For some years, Ekklesia has been arguing the case for political and voting reform in Britain as part of a values-based change in public life. Over the coming few months we will be making an even more substantial contribution, with co-director Jonathan Bartley being seconded* for part of the week as a spokesperson for the Yes! To Fairer Votes campaign.

We are delighted that Jon's media and broadcast skills can be used in this way. Not all of the Ekklesia team particularly enjoy TV or radio (though Symon Hill is a radio regular, and I can be dragged on kicking and screaming from time-to-time!), but you may already have seen Jon performing rather well on Sky, ITV, the BBC - and in this debate with Margaret Beckett here on Newsnight.

We do not see this 5 May referendum as a limited party-political issue (Greens, Labour supporters, Lib Dems, some Conservatives, SNP, Plaid and independents are all backing the AV-as-the-next-step initiative), Indeed we tend to be highly critical of all the dominant parties. Rather, it's a matter of extending popular participation, enfranchising people, making votes count, and calling elected politicians to account. We intend to make that moral case within the churches, too.

As we set out in our detailed research paper, The state of independents: alternative politics Ekklesia believes in the encouraging independent, citizen-based and associational politics as a counter-weight to the hegemony of top-down elites and as a challenge to parliamentary and voting systems badly in need of reform.

We also made comment on the nature of the theological bridge between a post-imperial Christian commitment and the franchise issue - recognising both the opportunities and limits involved.

The paper declared:

A healthy democratic system – one that is open to change, criticism, renewal and a wide base of participation and decision-making – is positive for all of us. Of course, it will not resolve our differences nor will it alone produce the change of hearts, minds and lives which Christians (and others) argue is what real transformation in the public and inter-personal realm requires. Something more is needed for that. But the demos does give us a framework in which to ‘do business’.

Christian hope and commitment points towards the creation of public places where political competition is displaced by neighbourly affection, based on the voluntary but deeply-rooted commitments of ‘communities of principle’ (ekklesia). It takes particular traditions to make this possible. But in the meantime, general fair representation and involvement - while falling well short of a value-based consensus - remains far better than the alternative: the domination of public life by those with power, wealth, privilege or a monopoly over the means of force and violence. In these terms, the political means to sustain the demos can be seen creatively as what theologian Dietrich Bonhoeffer calls ‘mandates of preservation’, and ‘penultimate goods’, rather than ends in themselves.

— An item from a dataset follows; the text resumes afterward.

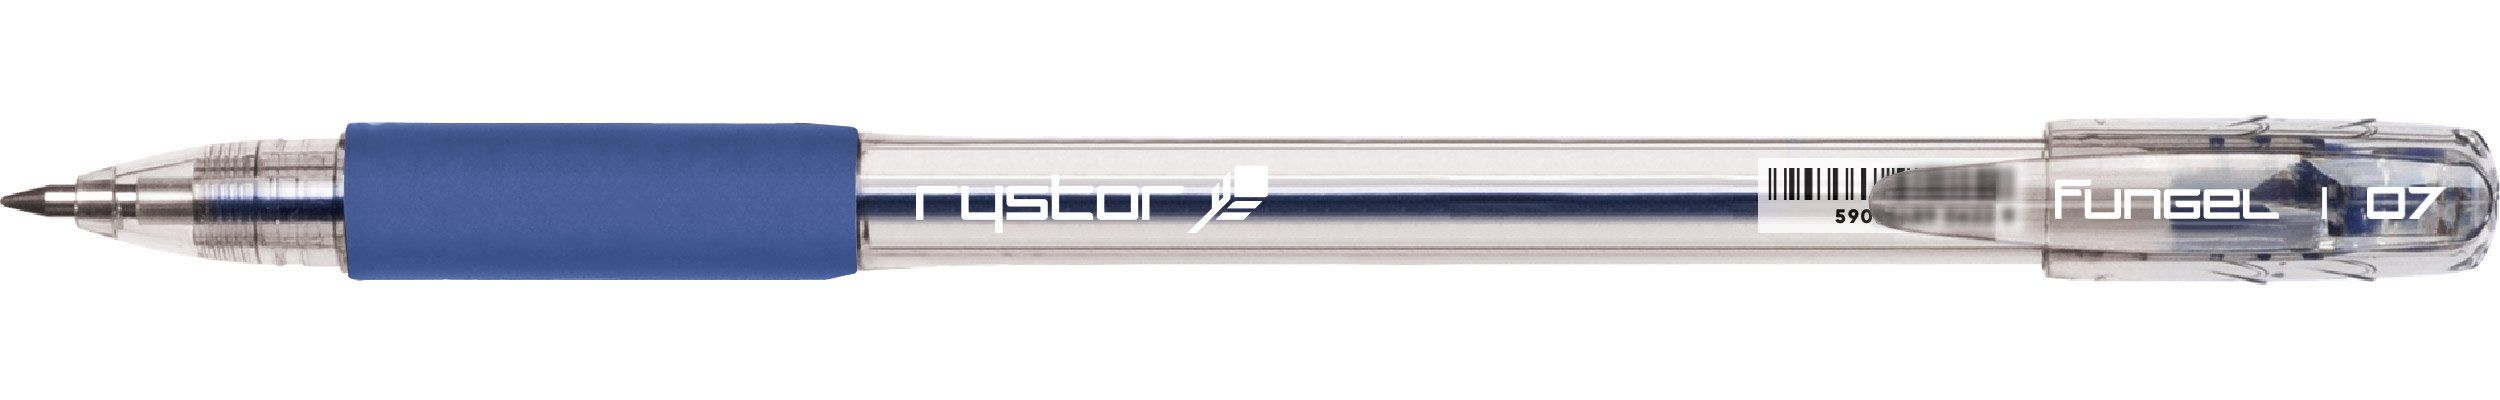 Fun Gel Pen

This means two things. Firstly, Christians can and should make a positive contribution to broader democratic culture as a means of enabling us (whoever ‘we’ are) to deal with each other seriously, respectfully and peaceably. Secondly, however, Christians would be wrong to reduce the Christian message to the working of any temporal political order, because that message deals with challenges and possibilities which go far beyond what sociologists call the limits of a ‘society of strangers’ and the arena of competitive difference. Democracy, on the other hand, assumes these as a given starting point.

By contrast, Christianity at its best seeks a ‘society of friends’ from the ground-up and starts with the conviction that the resources available to us include a practical love which goes much further than (and indeed transforms) family, tribal, ‘religious’ or ‘secular’ loyalties.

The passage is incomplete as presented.